Here is some further background for Prototype 6. Laurie (a cousin of Lesa, who herself had provided excellent home care for my dad in his later years) made a number of recommendations for my Bran Buddy Bars (I think Laurie was probably also the one who suggested using Splenda back around Prototype 3). More specifically, she felt that the crust texture of Prototype 5 was too dry. She had two suggestions. One was to split up the chocolate filling into two parts so that these would form the top and bottom layers. The crust would go in between them. This approach would result in a bite that was more moist to the touch. Her other suggestion was to shift more of the cream cheese from the filling to the crust. She advised perhaps shifting as much as all the cream cheese to the crust, but I was concerned that taking too much cream cheese from the filling would result in the chocolate layers being too firm. This excessive hardness could also contribute, along with the thinness of these layers, to the chocolate filling cracking up too easily. So I made a decision to take only half of the filling's Prototype 5 share of the cream cheese and transfer it to the crust. Since I felt that some matching sweetness should also go along with this reallocated cream cheese, I also made plans to transfer 2 tablespoons of sugar as well.

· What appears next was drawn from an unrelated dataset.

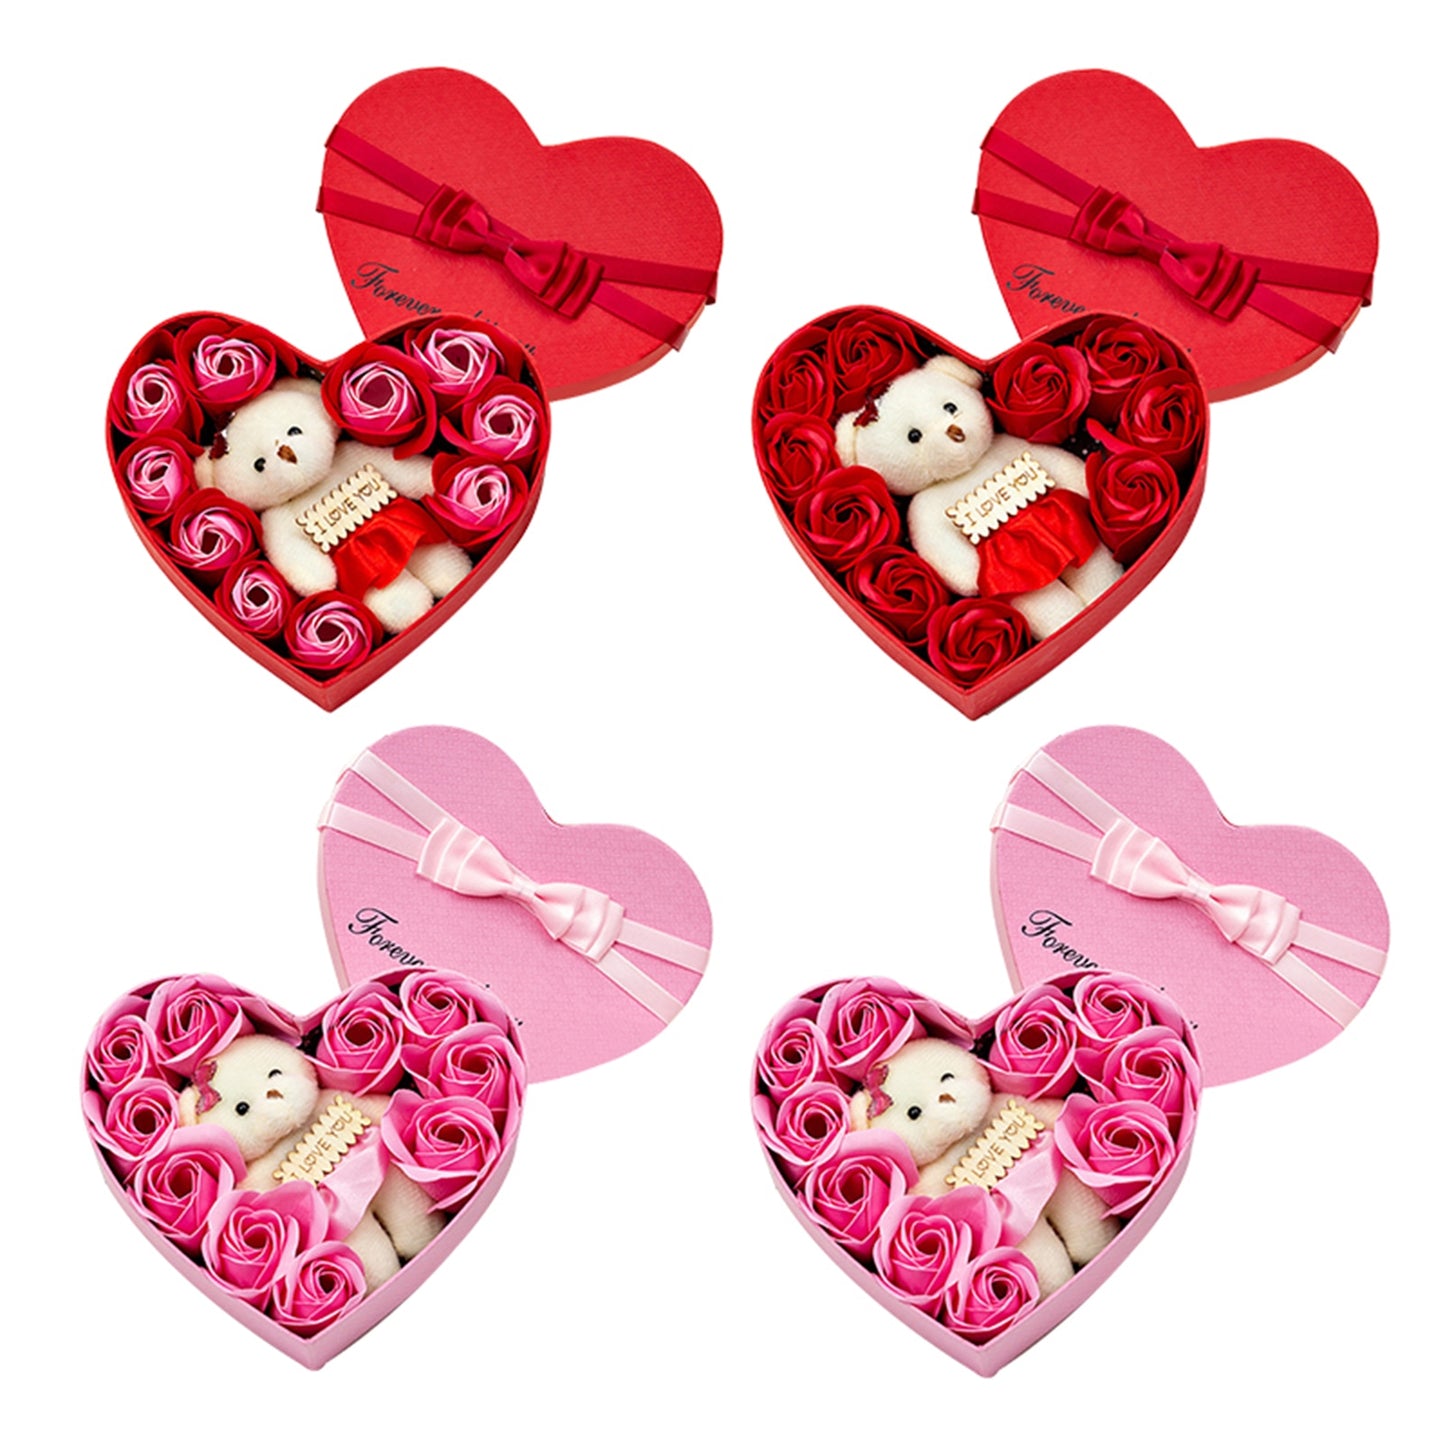 Heart-shaped Soap Flower Gift Box with Teddy Bear - Tortuna
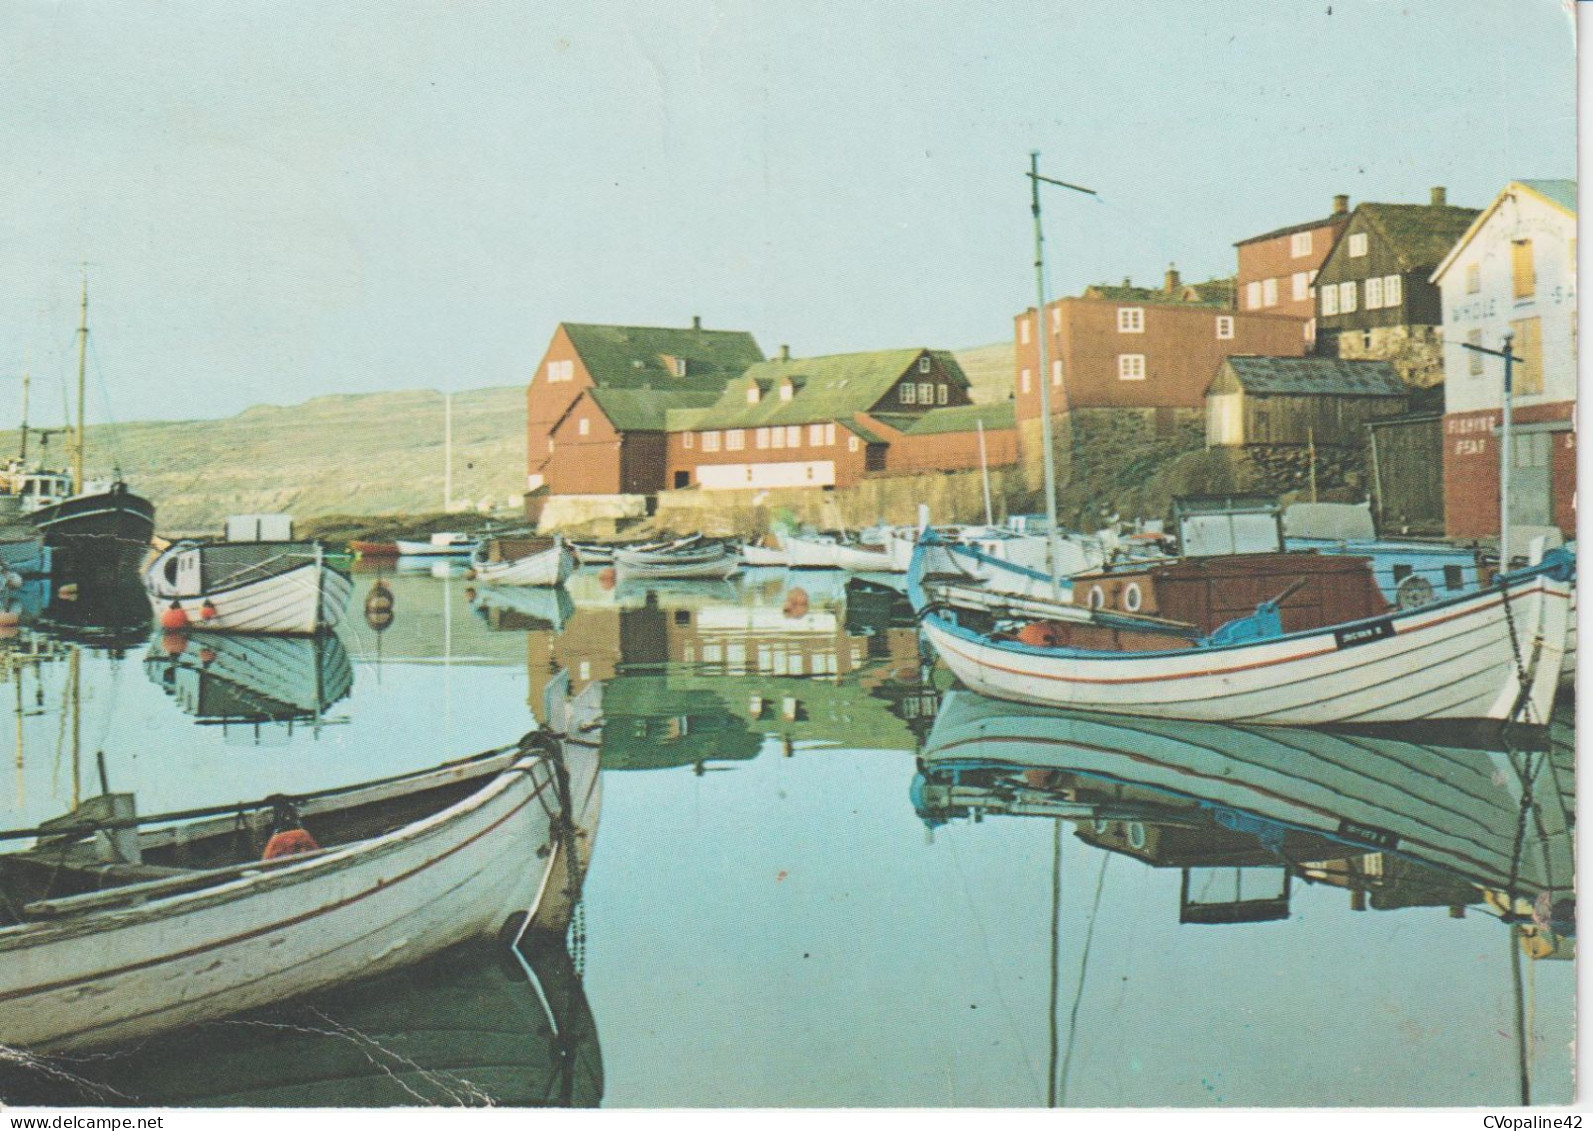 TINGANES (Faroe Islands - Iles Feroe) Daybrake Over Tinganes In 1973 - Islas Feroe

Seeing that the chocolate filling was disintegrating on me during the bar-cutting process, I am glad that I didn't raid any more cream cheese from it. But I hope to come up next time with a better way to cut the bars non-destructively.

So what was the feedback on this prototype from Laurie? I had to wait a long time for this one (due to her absence at the time that I served these bars), but I was finally told by Lesa (who saved some bars for Laurie's later consumption) that she "liked them" (hopefully, according to what I best recall hearing).